Padrões globais de identificação auxiliam empresas a atender norma de recall de alimentos

A adoção de sistemas de software dos padrões globais de identificação e do código de barras GS1 é a principal ferramenta que auxilia produtores de alimentos a cumprirem a nova norma da Agência Nacional de Vigilância Sanitária (Anvisa), a resolução RDC 24/2015. Em vigor desde 7 de dezembro do ano passado, resolução rege o procedimento de recall de alimentos no caso de identificação de risco à saúde da população. Ou seja, obriga as empresas a terem um Plano de Recolhimento de Produtos, que deve estar acessível a funcionários envolvidos e à própria agência, quando esta o requerer. A medida garante visibilidade de ponta a ponta em toda a cadeia de suprimentos e quem descumprir as regras pode ser punido com interdição, cancelamento de autorização, multa de 2 mil a 1,5 milhão de reais, além da retirada obrigatória de itens à venda.

Os padrões globais GS1 de identificação de produtos servem como diretrizes para implantação de processos de rastreabilidade. Além do código de barras, outras formas de identificar e capturar informações dos produtos são as etiquetas inteligentes de radiofrequência (EPC/RFID) e os códigos de barras bidimensionais, que também podem armazenar informações adicionais como, por exemplo, data de produção, data de validade e número de lote. “A rastreabilidade possibilita às empresas acompanharem a trajetória e a exata localização de seus produtos desde que saem da produção até sua chegada ao varejo, a qualquer momento”, explica o presidente da Associação Brasileira de Automação-GS1 Brasil, João Carlos de Oliveira.

A rastreabilidade representa a capacidade de recuperação do histórico, da aplicação ou da localização de itens. Além de permitirem o acompanhamento de mercadorias, os processos aliados à tecnologia melhoram a eficiência do recall, uma vez que permitem a troca e o gerenciamento de informações entre todos os elos envolvidos da cadeia de suprimentos até que o produto chegue ao consumidor. Essa é justamente uma das exigências da RDC 24/2015. A partir de agora, todas as empresas da cadeia produtiva de alimentos deverão manter registros que identifiquem as origens dos artigos recebidos e o destino dos distribuídos.

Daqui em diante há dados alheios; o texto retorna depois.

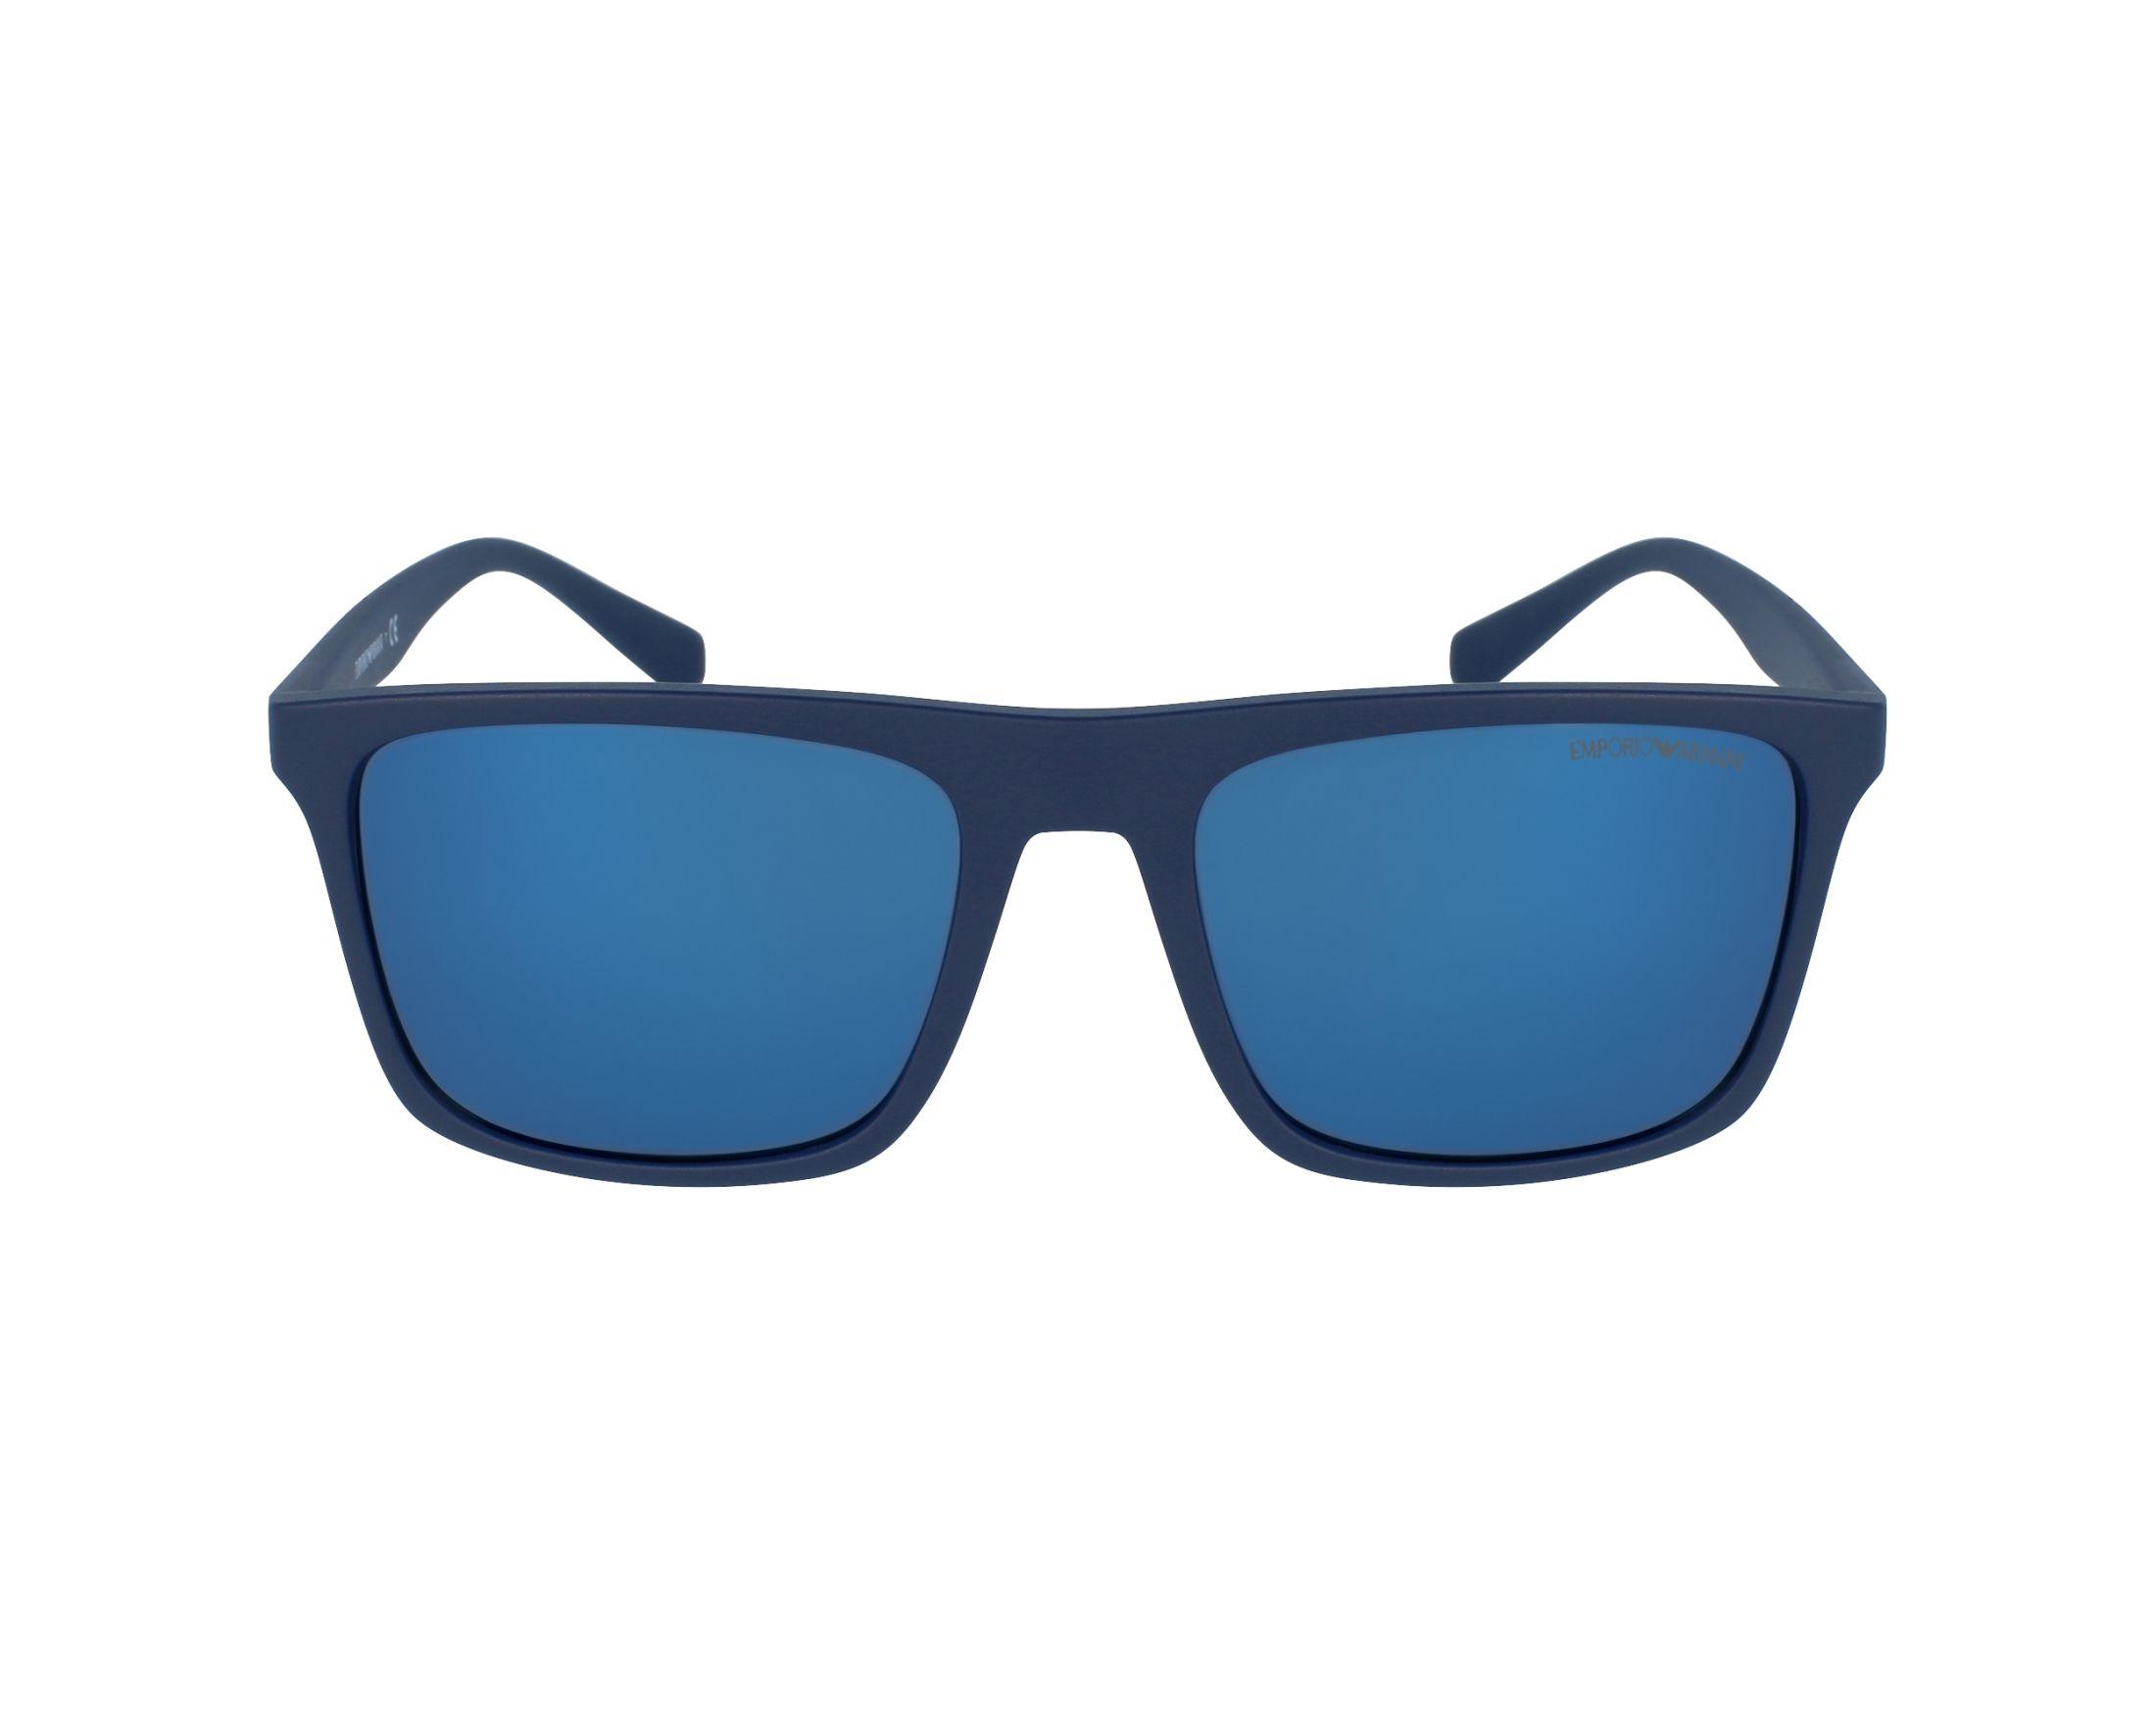 Emporio Armani Sunglasses Blue with Grey Lenses EA-4097 5575/96 ...

De acordo com a Anvisa, uma distribuidora de alimentos, por exemplo, terá de manter registros de fornecedores e também de seus compradores. A resolução determina que, além de alimentos, bebidas e águas engarrafadas, ingredientes, embalagens e qualquer material que entre em contato com alimentos durante o processo de fabricação estarão sujeitos às regras.

A GS1 Brasil criou o Padrão Global de Rastreabilidade (GTS, na sigla em inglês para Global Traceability Standard) e pretende torná-lo a referência reconhecida por empresas que exigem algum tipo de rastreabilidade. O GTS permite a adoção da rastreabilidade em uma escala global, tanto para pequenas como para grandes organizações, por toda a cadeia de suprimentos, indiferentemente da quantidade de empresas envolvidas e das tecnologias disponíveis escolhidas (código de barras ou radiofrequência, por exemplo).

O Padrão Global de Rastreabilidade GS1 é complementar a outras normas internacionais como as da ISO, Global Food Safety Initiative (GFSI), do CIES, Global Food Standard, do British Retail Consortium, Food Marketing Institute, do Global Gap ou demais certificações para alimentos orgânicos.